You put on 50 kg in a few years. That can't be all her doing. I put about 50 kg on my partner, but he was a willing and active participant in all of this. He kept himself stuffed pretty much all day and I had to force him to eat healthier and exercise.

So it's entirely possible that she feeds you because she knows you like it but doesn't want you to feel bad about it.

That said, what are you worried about?

That said,
1 year

Feeder wife or else??

Swiss Gainer:
I have no conclusions so far, and for that, I'm here.

considering that I have spent every day of the last 3 years, happily and deeply in love with her, I don't need to be “ Mr Gibson of criminal mind profiling”, I think I'm able to detect any slowly and slight behavioural changes in her, the same changes which made me suppose that she might have some kind of feeling towards my gain.

what is about this change and what forms, Well, I Still, don't know..

I don't like “the list” because you can't paint everyone with the same brush on the ground of the list or define someone.

However, if a list is required, I can summarize a few of those that caught my attention like exceedingly denying the evidence of my weight gain, increasingly ordering for me more and more food when I'm at work by delivery, even when I ask for for a smaller order; ordering food that she doesn't like and then offering me the food in question that supposedly she dislikes; a sort of hidden disappointment when I don't eat (nothing evident only slightly perceivable since I well know her), and kind of new recent things that she does in our intimacy all that associated with her slightly recent weight loss.


I can see why you think she's a feeder.
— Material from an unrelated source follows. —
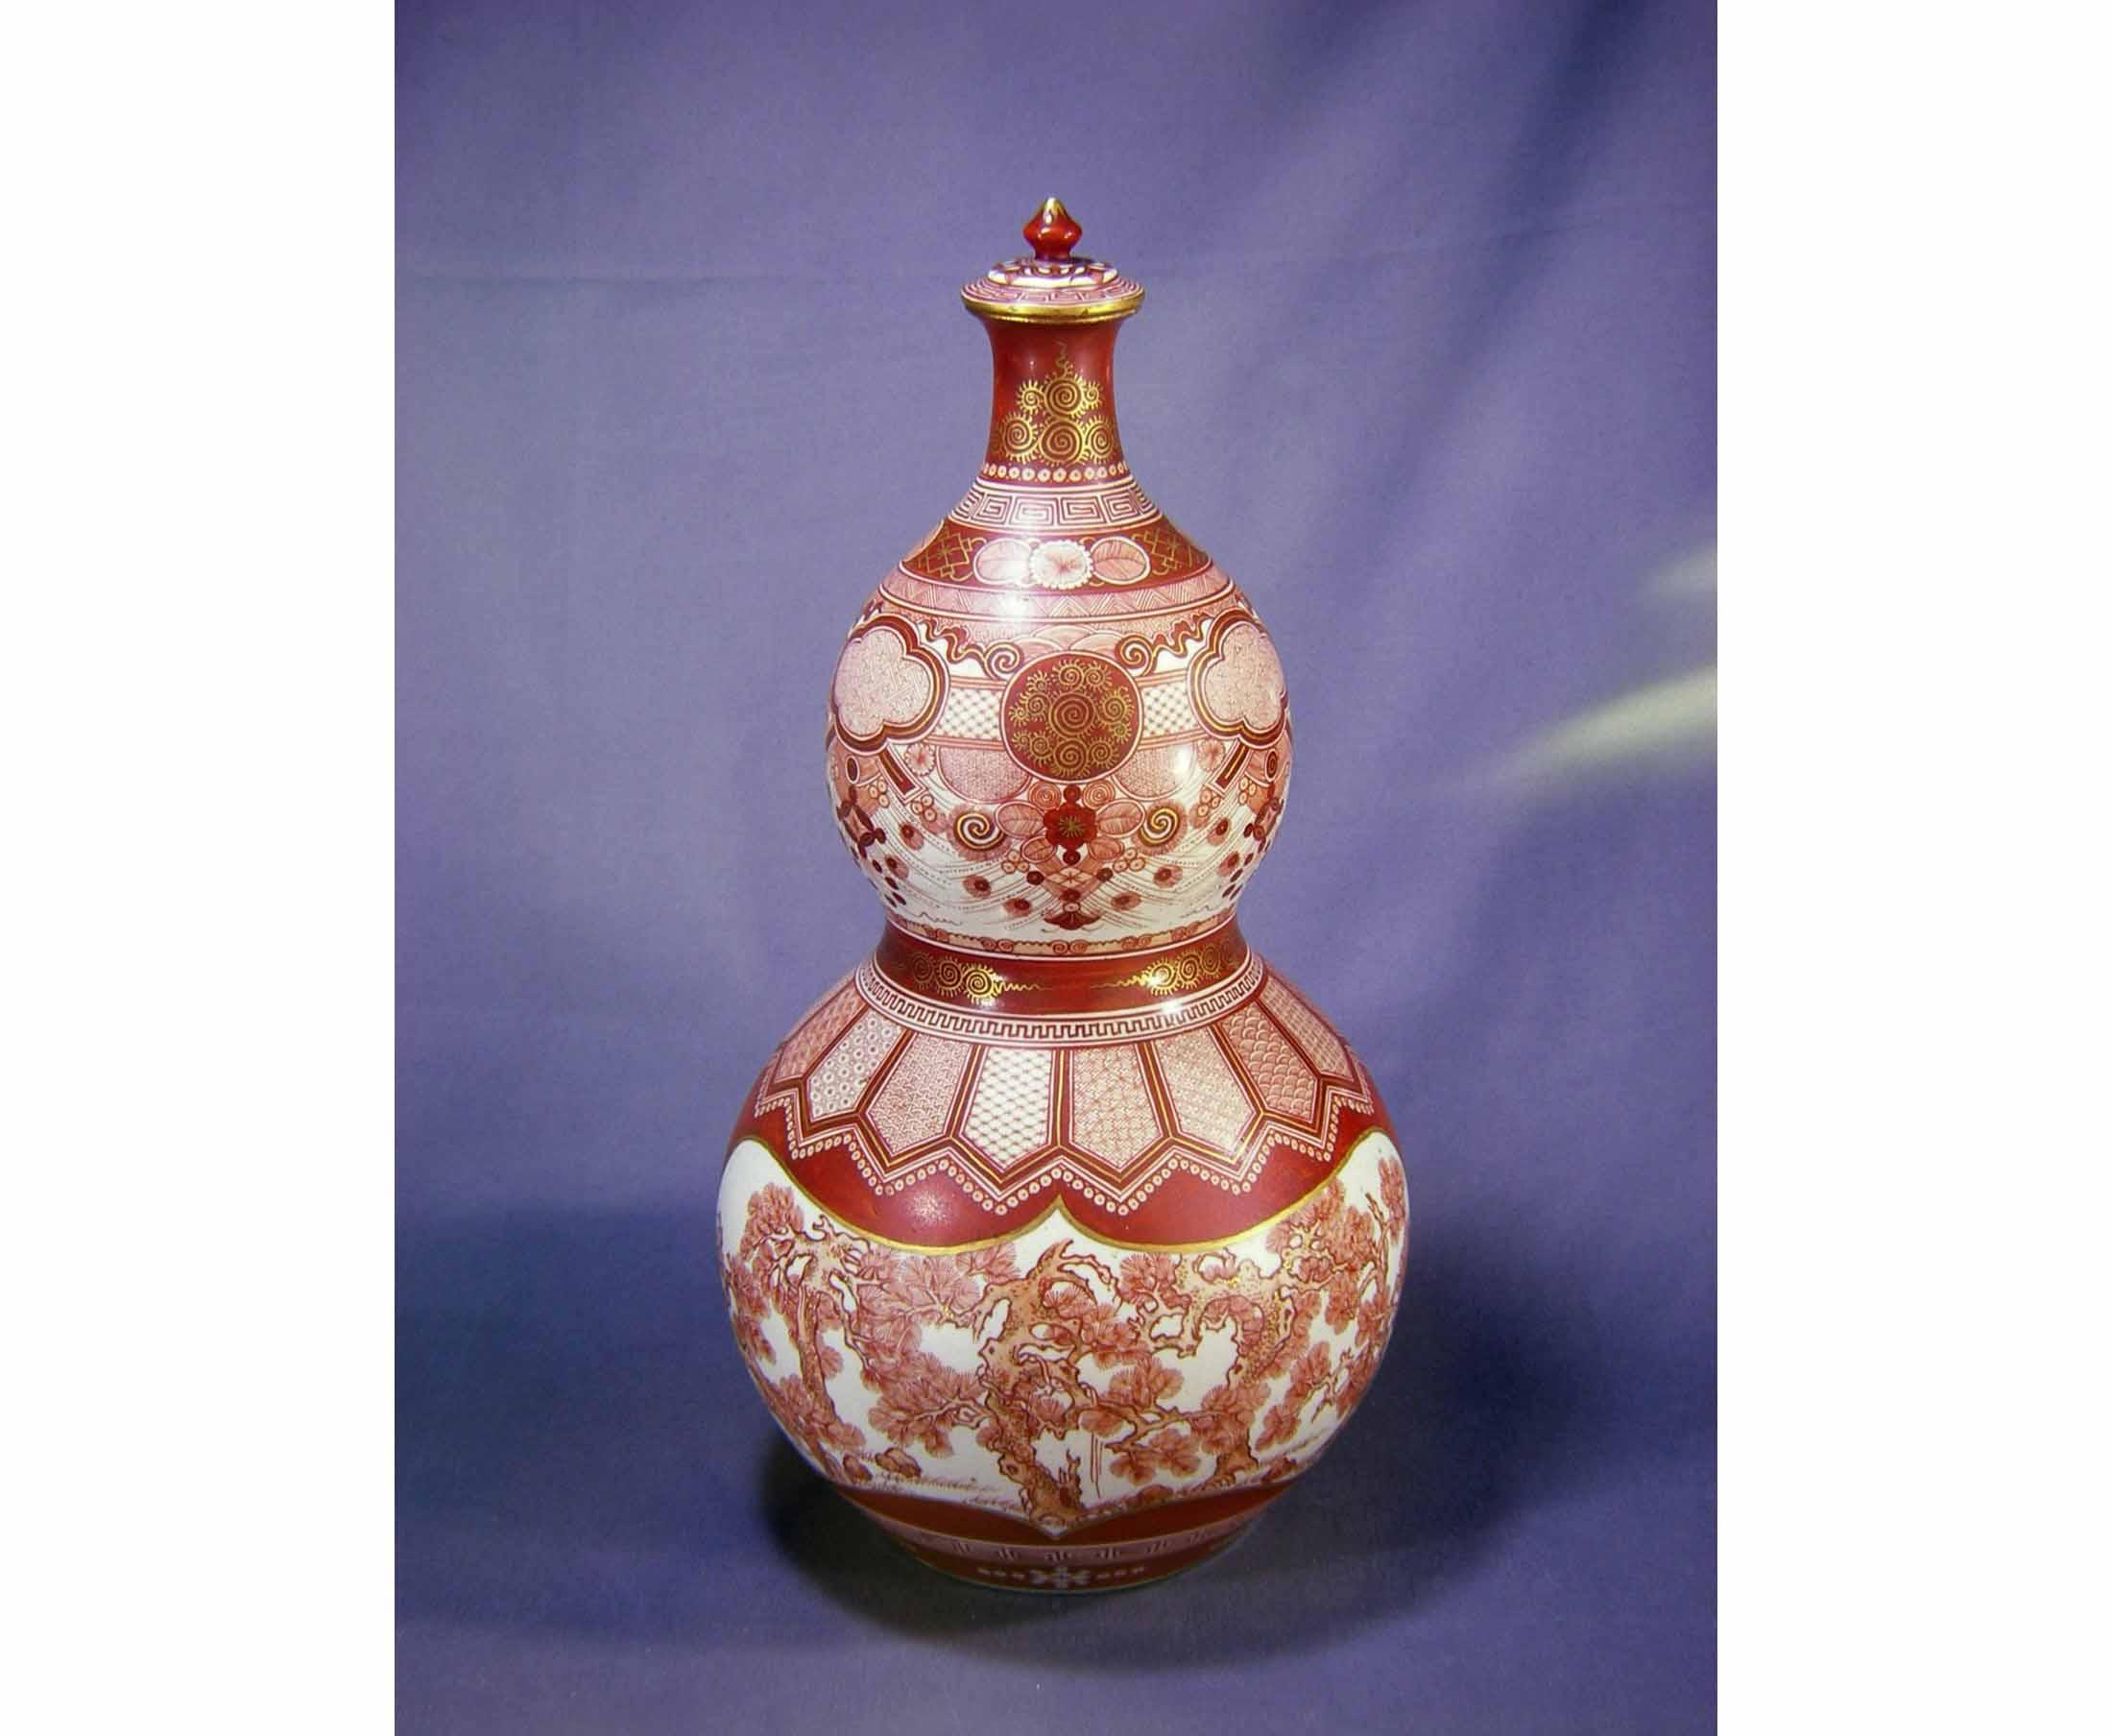 宮本屋窯 赤絵金彩松図瓢形大瓶 (石川県九谷焼美術館 蔵)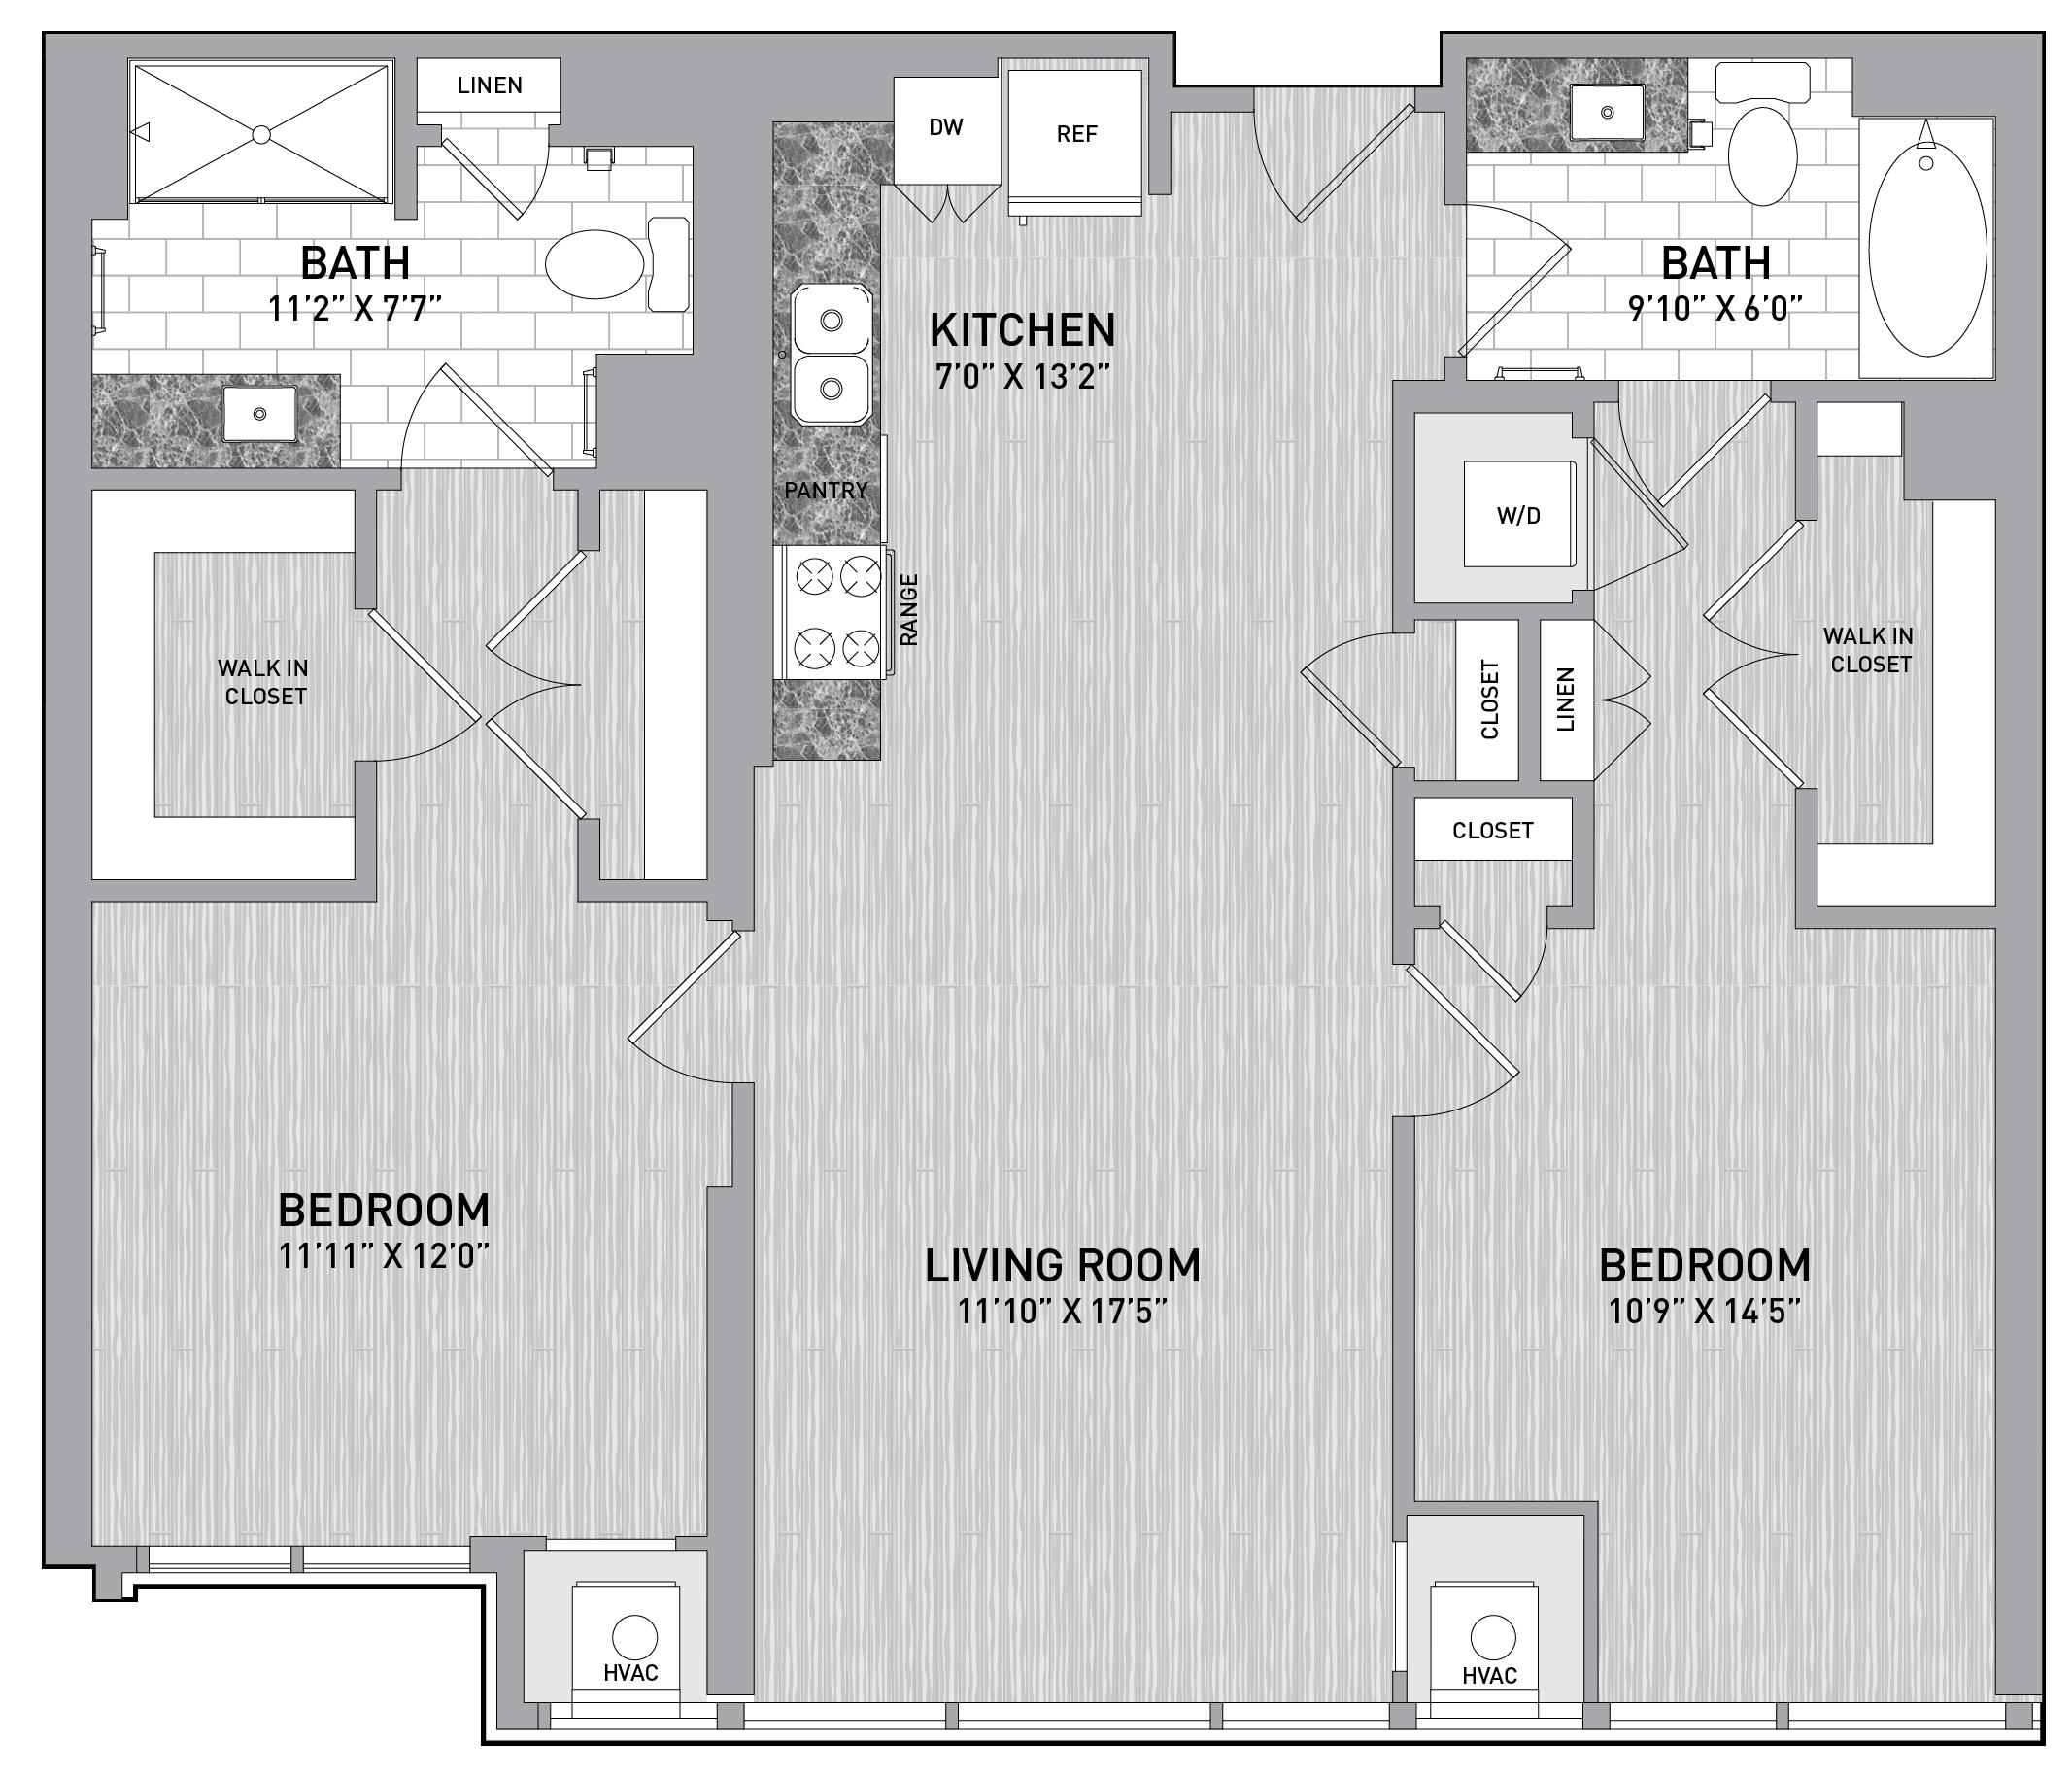 floorplan image of unit id 0818

However, if you want to confirm it, it's best to ask her.
1 year

Feeder wife or else??

ForeverFFA:
If she has openly said that she loves your size (which is different than loving you at your size), then she has already basically admitted to being an fa.

Can I ask why you are worried it would offend her to gently ask her if she thinks she might be a feeder?

I see why you might think that and disagree with Munchies (slightly) just because most wives don't manage to put 50 extra kilos on their husbands within a few short years of marriage.


You're right. The average person won't gain 50 kilos (110 lbs) within a few years of marriage. But to gain 50 kilos in a few years requires a whole lot more that being regularly overfed. And since he didn't give his full life story, I can't say how much of his gain she's contributed to.